7. China is a disaster. The world’s second largest economy has had a strange 2022. China’s zero COVID policies have caused shocking blockades in big cities like Shanghai, which have frozen economic activity. China is also facing a surge in real estate investment, falling business confidence and a sharp decline in economic activity. Why is this worrisome for the US? Because China is projected to account for about a quarter of world economic growth in the coming years. When China sneezes, or, more aptly, when Chinese officials quarantine those who sneeze, the world can get cold. The United States could be in a strong position to cope with the Chinese slowdown if its other trading partners are doing well. But they are not.

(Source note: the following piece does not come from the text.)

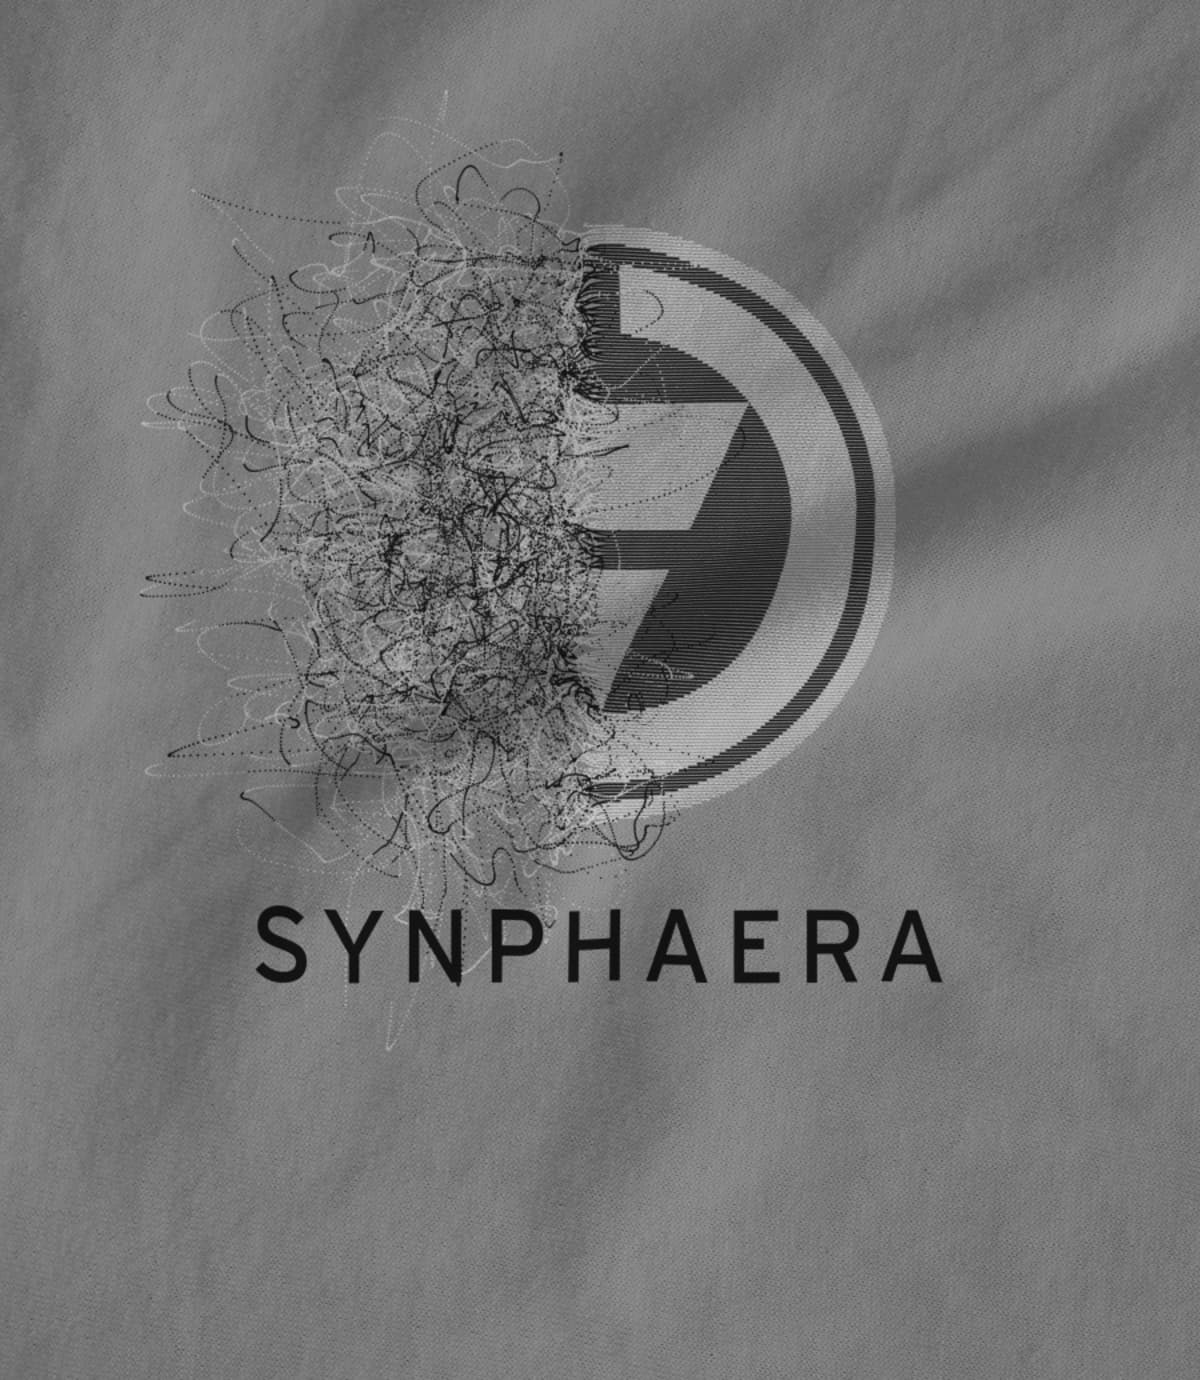 Synphaera synphaera new design 7 1521850170

8. A recession is coming to Europe. The UK economy is shrinking, and the central bank says inflation will exceed 10 per cent this year. The war in Ukraine has skyrocketed energy prices across Europe, and most economists believe the continent’s economy will shrink this year. Europe seems very likely to be heading for stagnation and inflation, the dreaded combination that, 50 years ago, gave birth to the horrible term. stagflation. If Europe shrinks as Chinese growth slows, U.S. exporters will have a hard time contributing to GDP growth.
9. Oh yes, it is still a pandemic. Restaurant activity and air travel are almost back to their pre-pandemic highs as most Americans return to something like “normal”. But we do not know what else the virus and its variants will throw at us. Could the next variant be more transmissible and deadly, and also prevent our immunity? I hope not. But these are the 2020s. Anything is possible.